Requesting for Adminstration

nice

Please explain your problem. I can provide a list of pages in a particular language.

This is good, but the thing that I really need is having a tool for finding occurrence of a regex (and chars) on that pages. I know with list of my language translations I can do that with pywikipedia (I used pywikipedia in my wikipedia for a lot propuses). But this can done better and easier without that.
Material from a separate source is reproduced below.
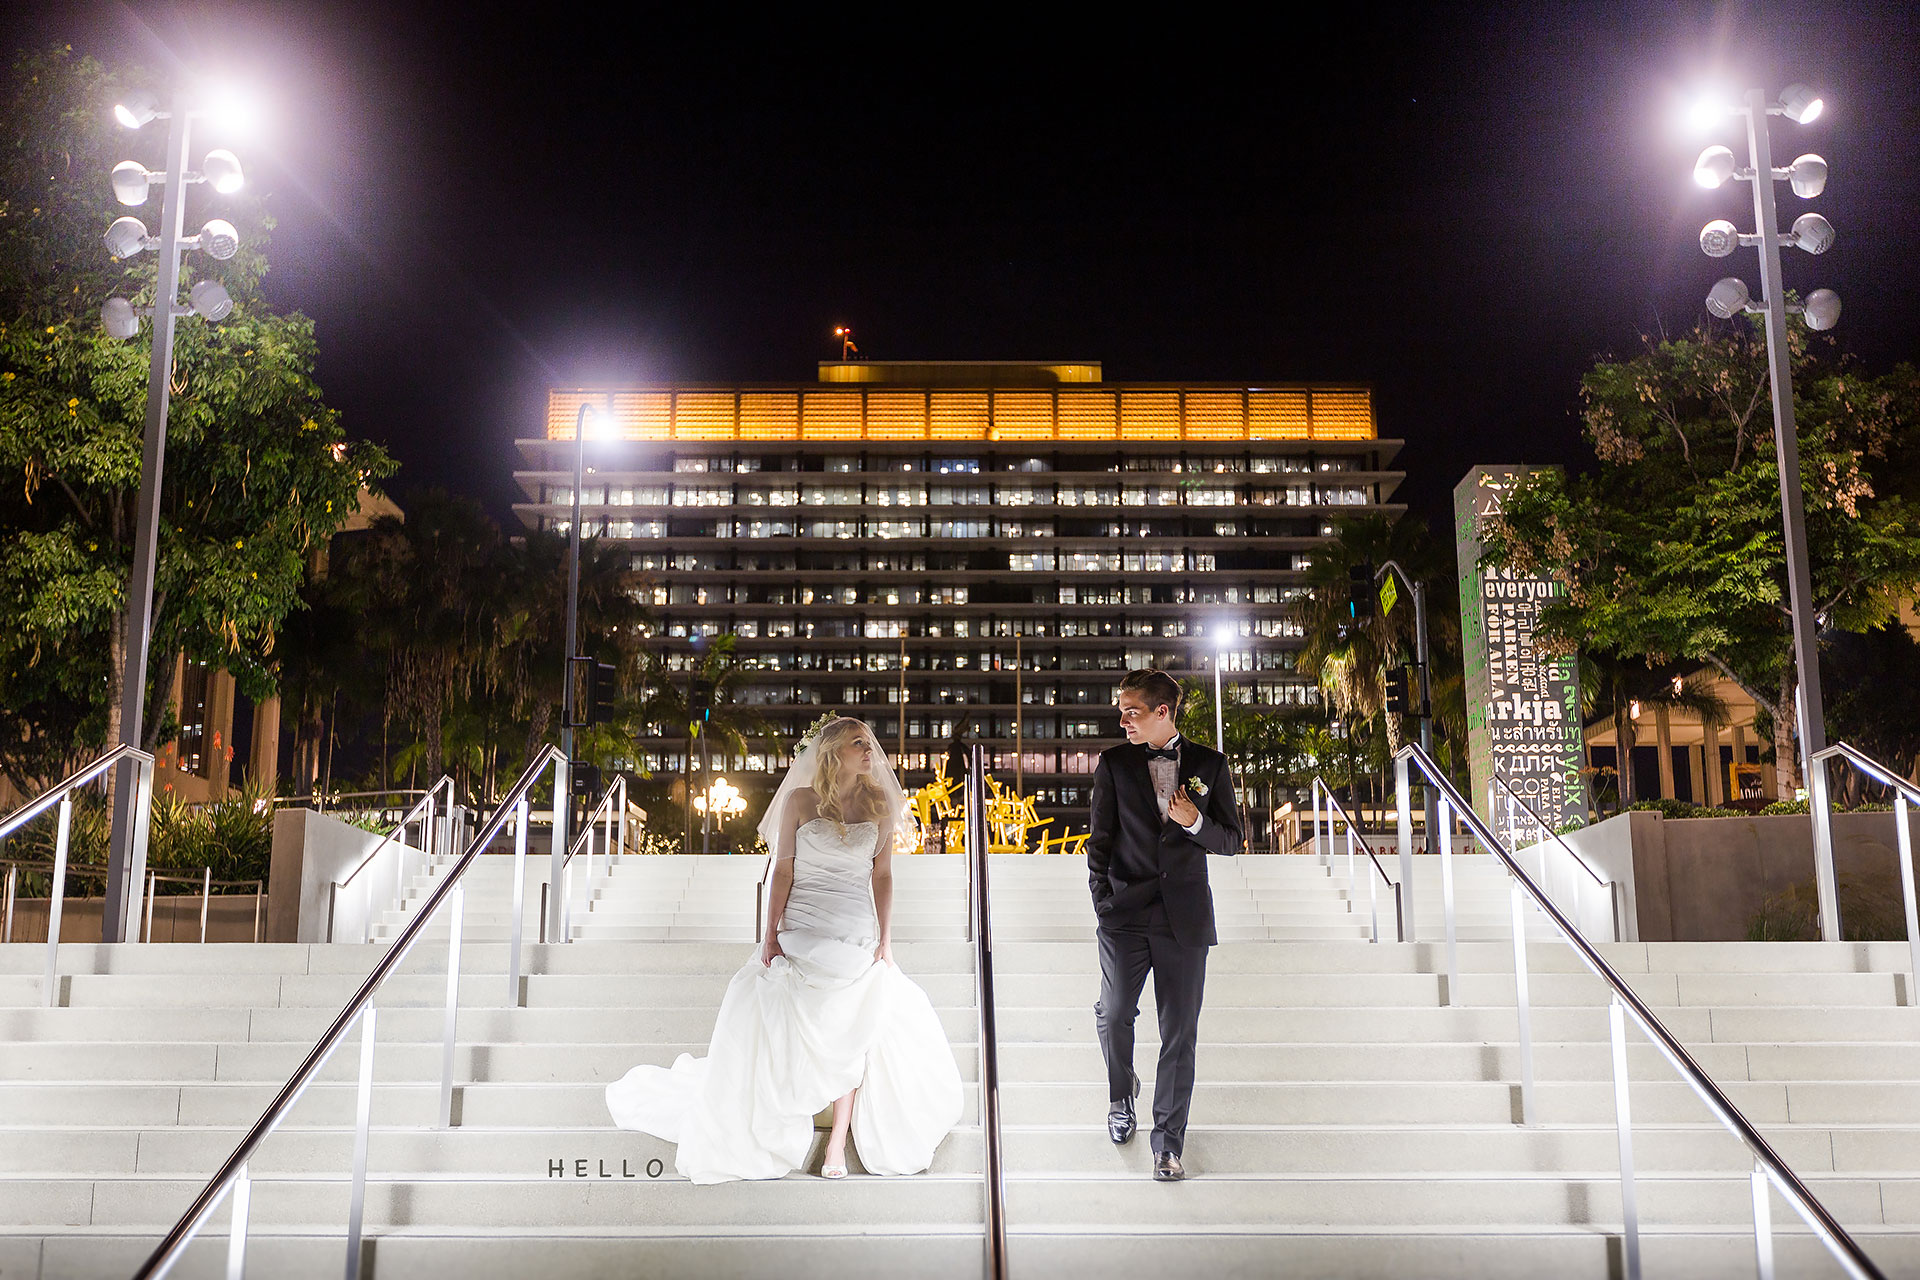 A wedding couple on steps at night captured by photographer Thomas Kim.

For example we have some hidden character in Persian (zwnj, zwj and direction control chars that is common in RTL languages). If I had a tool for finding misused occurrence of them in translation, I could easily fix them. For example this regex needed for my language (and some languages with Arabic script): s/([ازرذدژوة])\u200c/\1/g also finding non-standard chars (for my languages) with Special:Search is not possible because Special:Search only yields occurrence of words and not chars.

ebraminio^talk‎

Using regex on over a million pages in translatewiki.net will be blocking our database for too long. We really cannot make that functionality available. If you were to provide the regexes you are looking for, we will try and find a way to help you out.

Siebrand‎

Okay, Thanks for your great jobs on TranslateWiki. Seems i must use Pywikipedia. If you have time, Please make list of Persian translations for me. Also SQL or XML dump of this wiki (separated for each language) or a replication on toolserver is other solutions I think.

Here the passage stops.